Due to the large vocabulary size, it is costly to directly calculate the gradient according to Equation (10), so we have to rely on reinforcement learning algorithms for gradient estimation. However, we find that when the reward function is *Reference-Based*, it becomes possible to traverse words in the whole vocabulary and calculate their rewards in a short time, enabling us to directly calculate the gradient according to Equation (10). First, we call a word out-of-**X** if it does not appear in sentence **X**, and define the Reference-Based reward as follows:

A reward function *r*(**Y**) is Reference-Based if it evaluates **Y** by comparing it with a reference sentence $Y^$ and the reward does not change when we replace any out-of-$Y^$ word in **Y** by other out-of-$Y^$ words.

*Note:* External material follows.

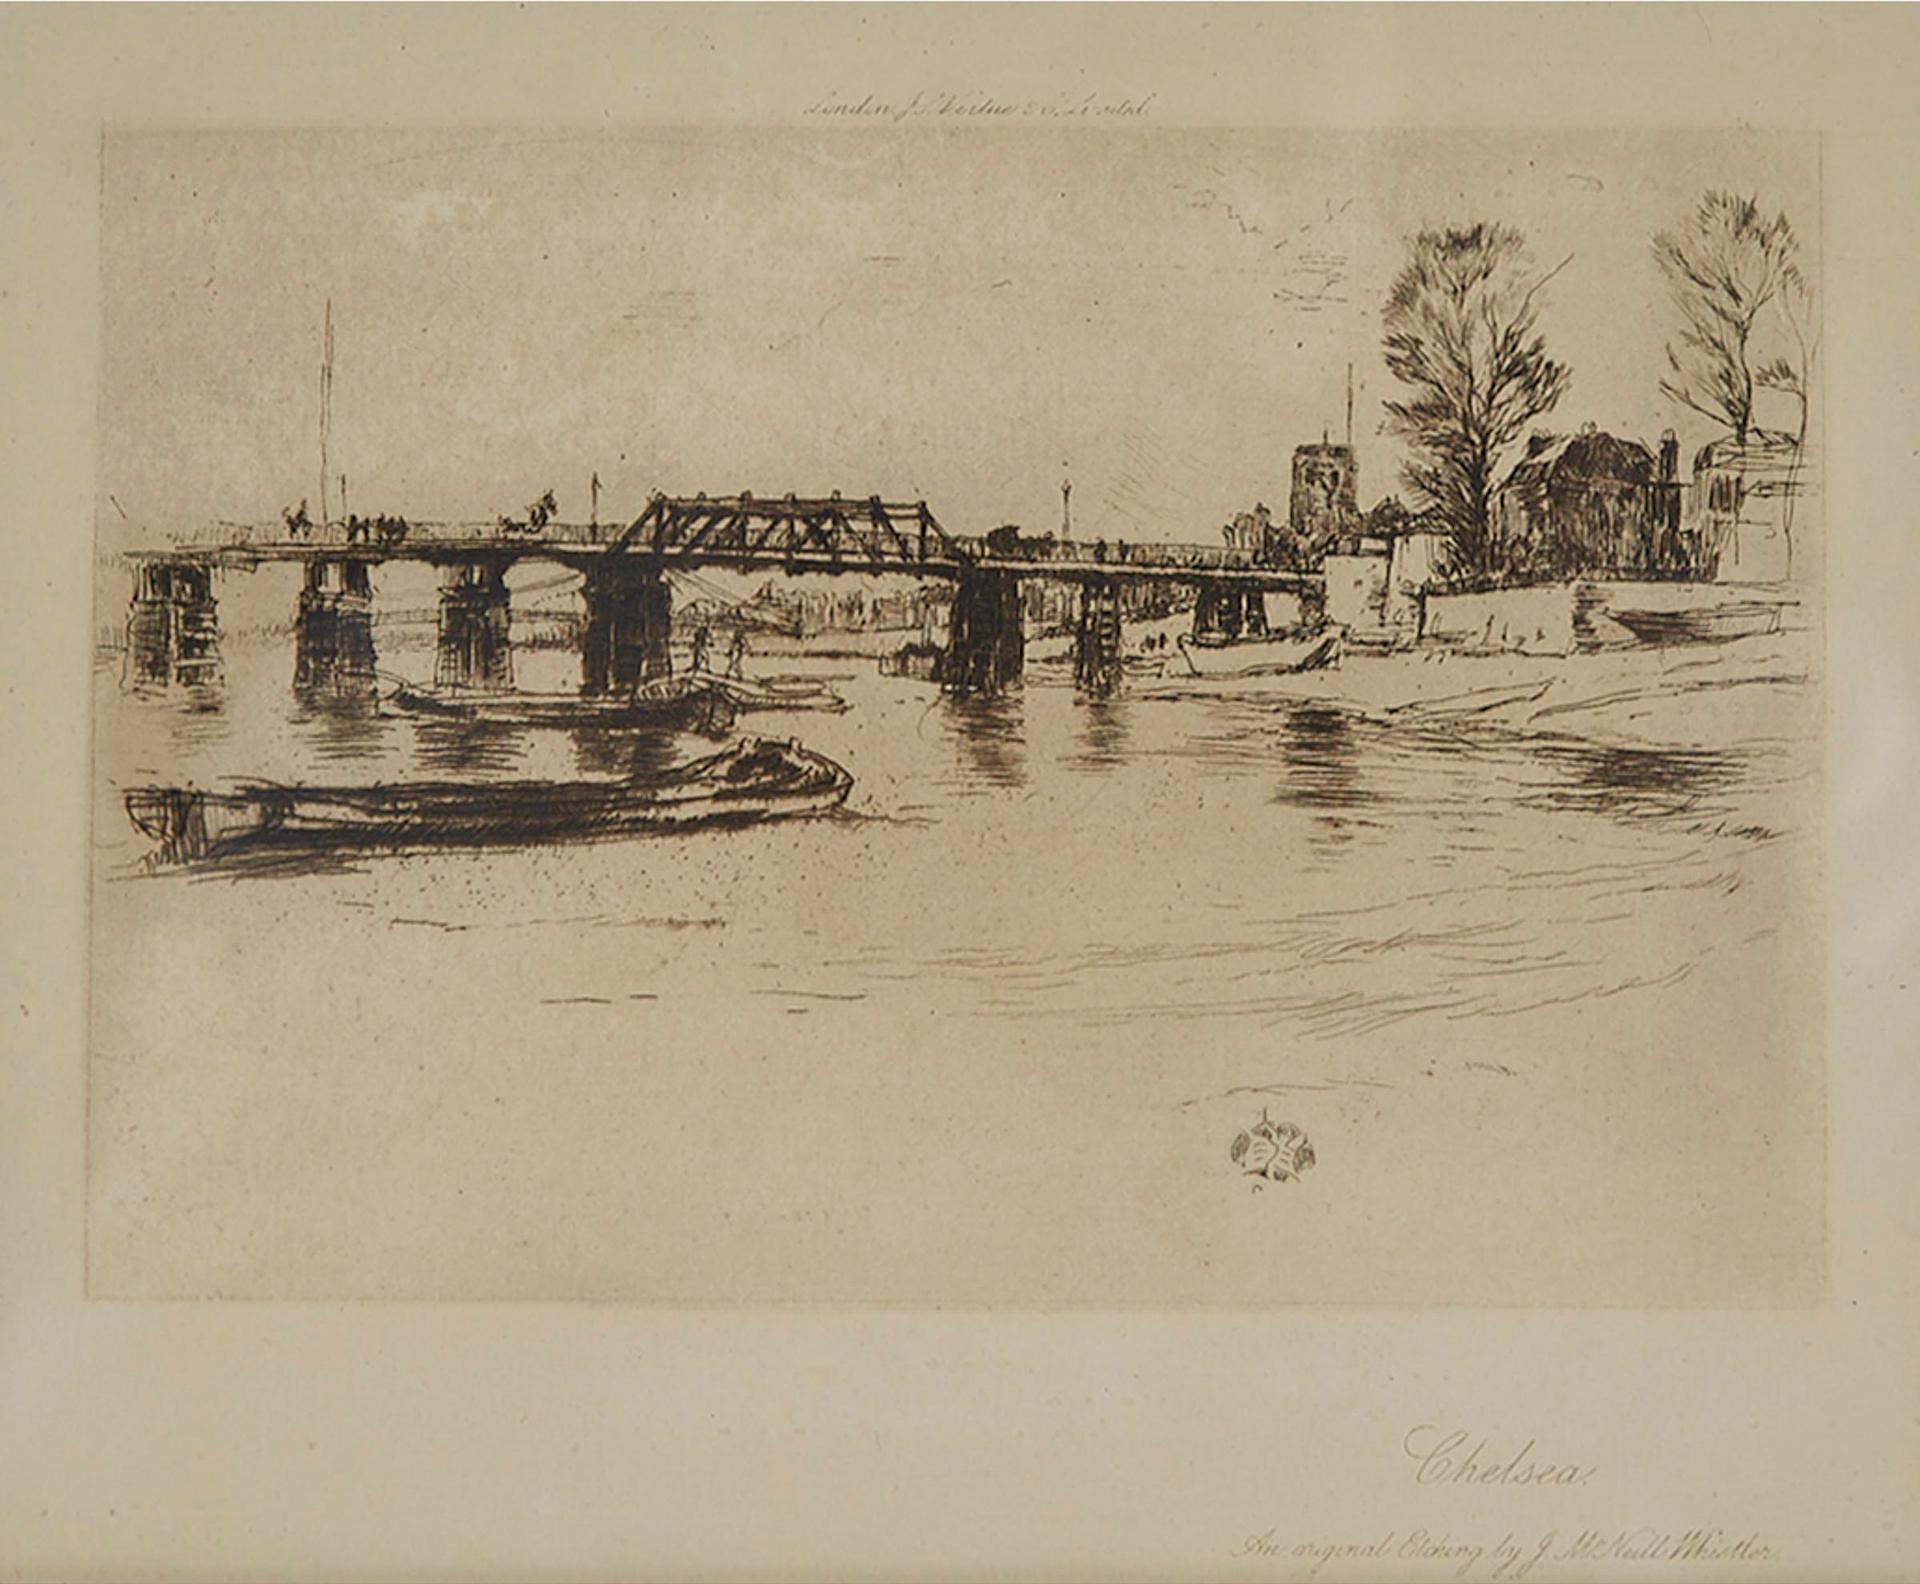 James Abbott McNeill Whistler (1834-1903) - Chelsea, Circa 1885 [glasgow, 181]

From the definition, we can see that many widely used reward functions are Reference-Based. For example, since words that do not appear in the reference sentence can never match the reference, the rewards based on *n*-gram matching (e.g., BLEU, GLEU, and ROUGE) will not be changed by replacing any out-of-reference word with other out-of-reference words, so these rewards are Reference-Based. Recall that the step reward *r*(*y*_{t}) is defined by the expectation of reward when the prediction in step *t* is *y*_{t}. According to the definition of Reference-Based, the step reward *r*(*y*_{t}) will take the same value as long as the reward function is Reference-Based and *y*_{t} does not appear in the reference sentence. Therefore, we can divide the vocabulary into two parts. For words in the reference sentence, we traverse these words and estimate their step rewards. For out-of-reference words, we only need to estimate the step reward once because they take the same value. Finally, we calculate the gradient according to Equation (10). In this way, the variance caused by the reinforcement learning method is completely eliminated, so the estimation variance only comes from the estimation of the step reward. Algorithm 5 describes the process of Traverse-Ref.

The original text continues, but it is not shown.